Exercise brief
Every line in the records below between the one holding "Rubber Sports Ball, For" and the one holding "Workshop Job Card", inclusive, is to be set down exactly; all other lines are to be left out.

──────── Supplied material

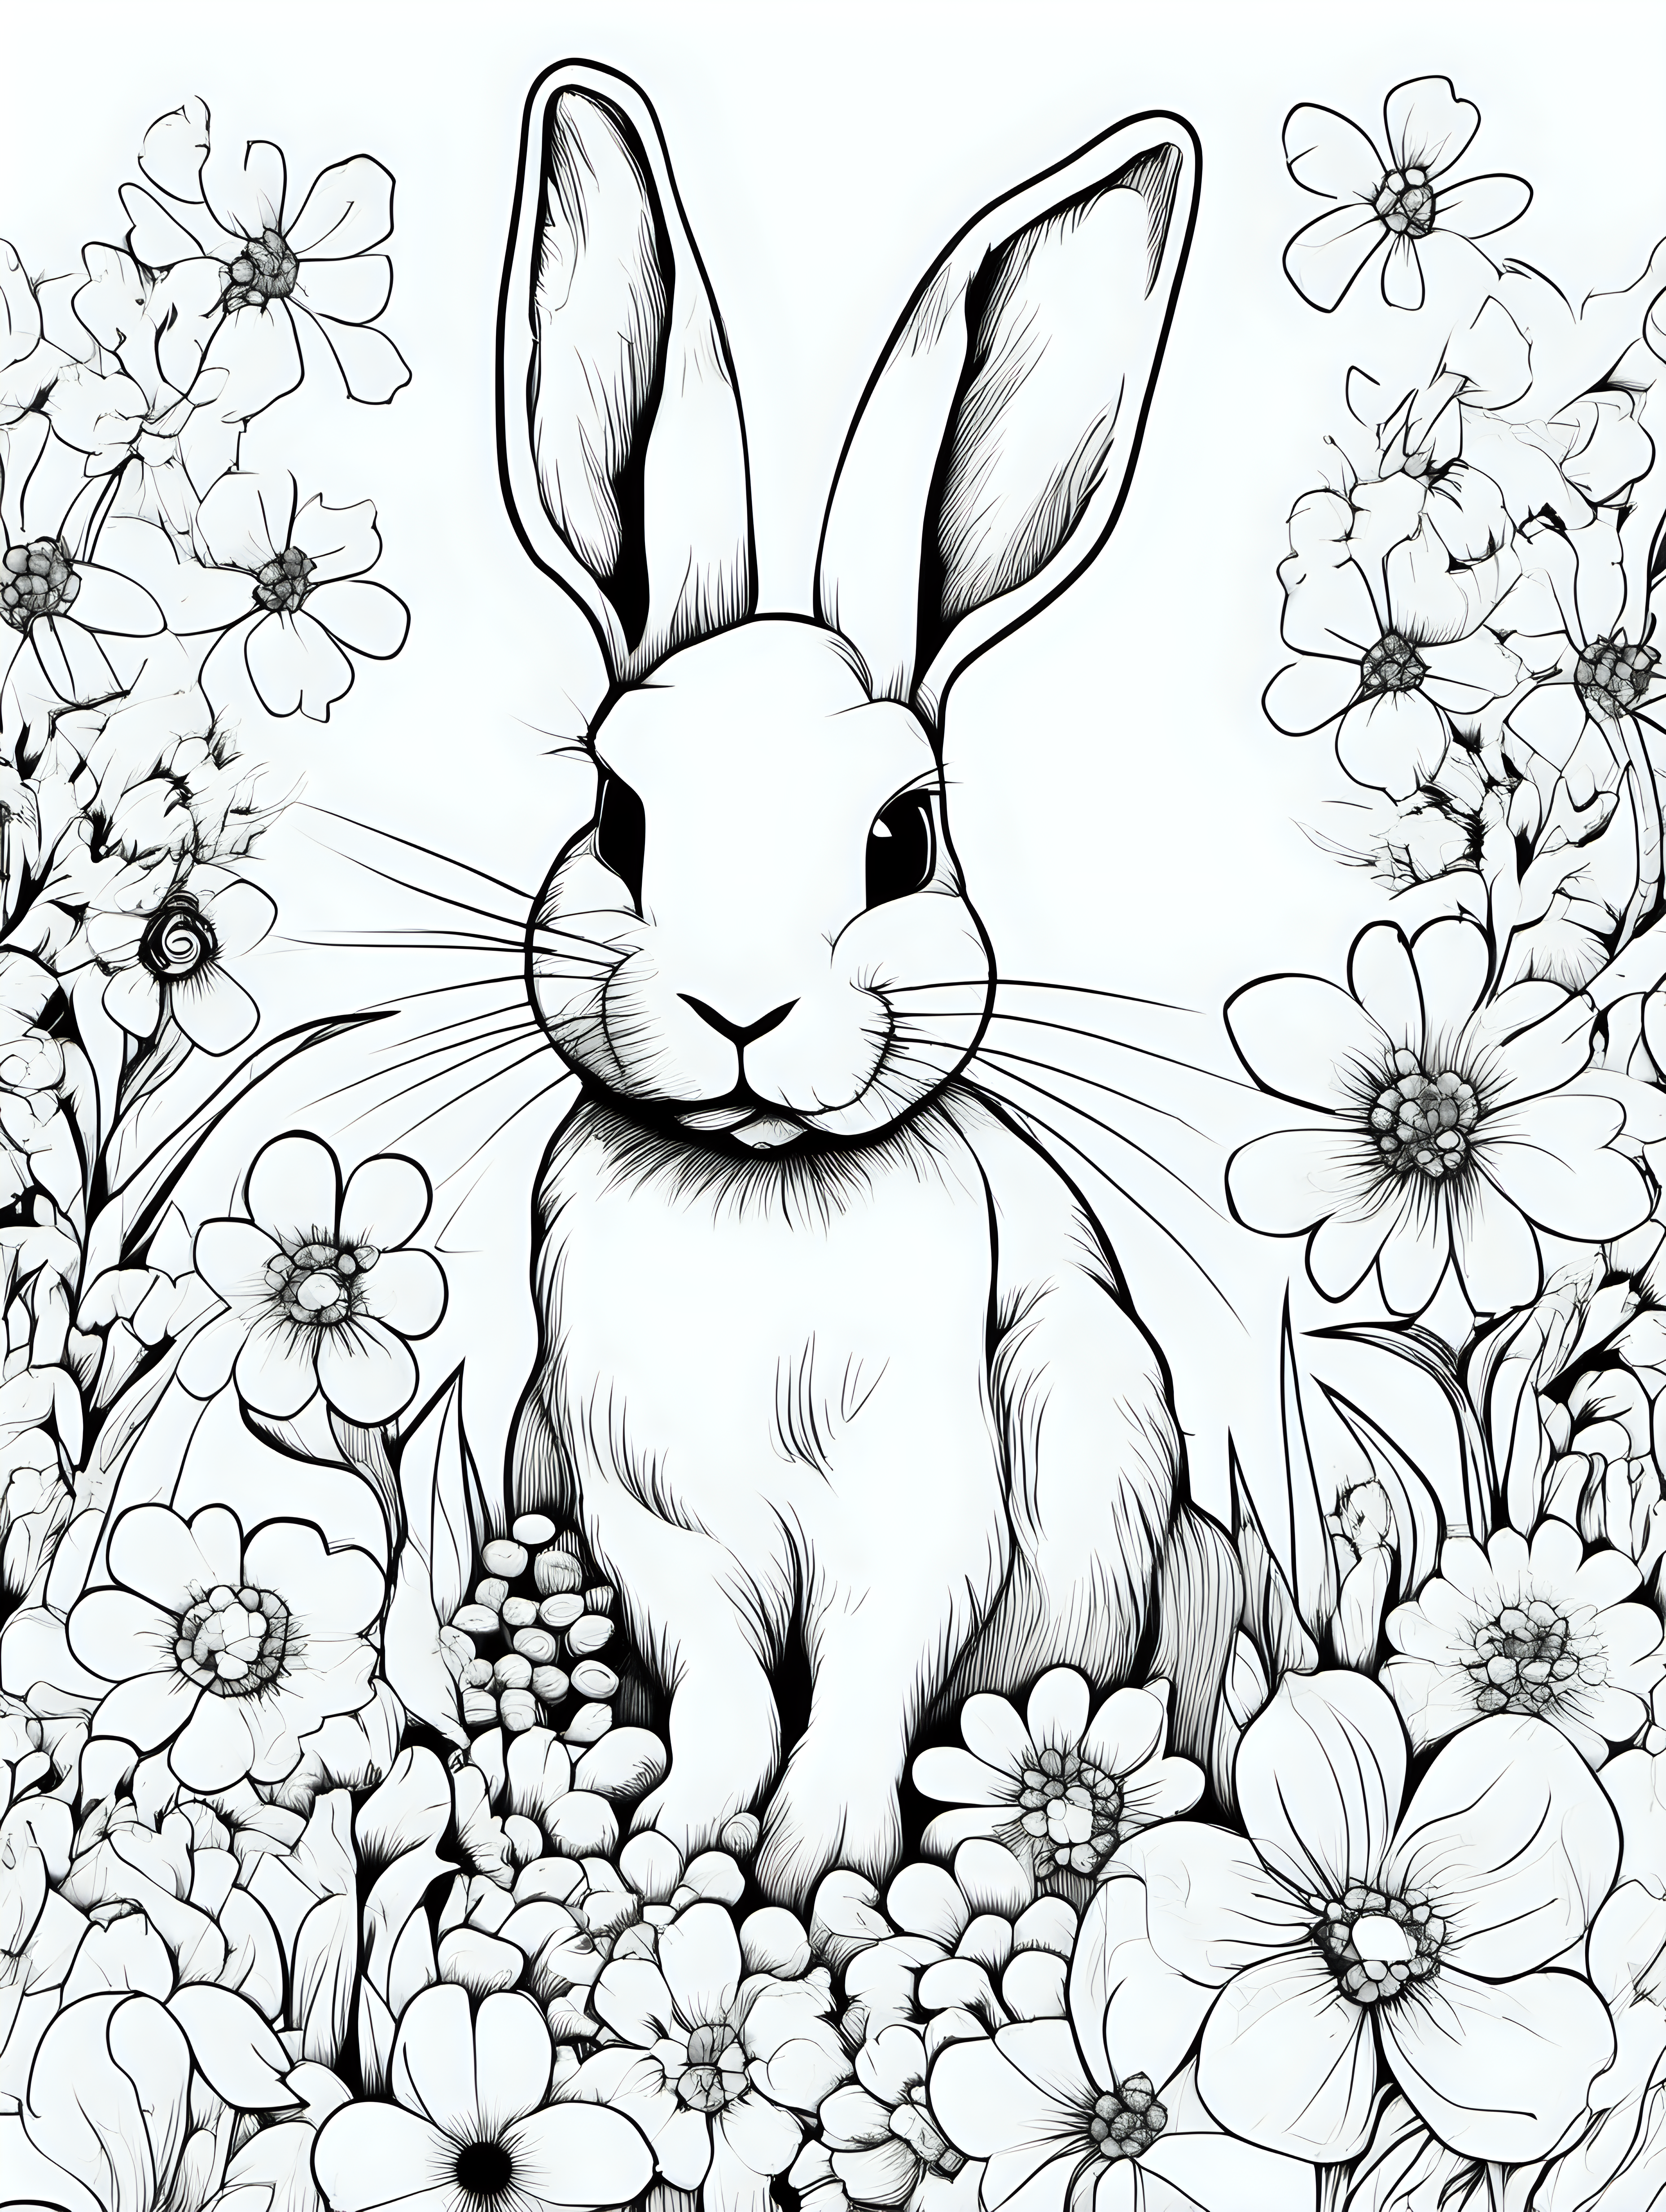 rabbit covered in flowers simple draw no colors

────────────────
──────── Supplied material

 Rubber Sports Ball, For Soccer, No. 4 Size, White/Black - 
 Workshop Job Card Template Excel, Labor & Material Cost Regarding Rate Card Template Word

────────────────

Answer box
 Rubber Sports Ball, For Soccer, No. 4 Size, White/Black - 
 Workshop Job Card Template Excel, Labor & Material Cost Regarding Rate Card Template Word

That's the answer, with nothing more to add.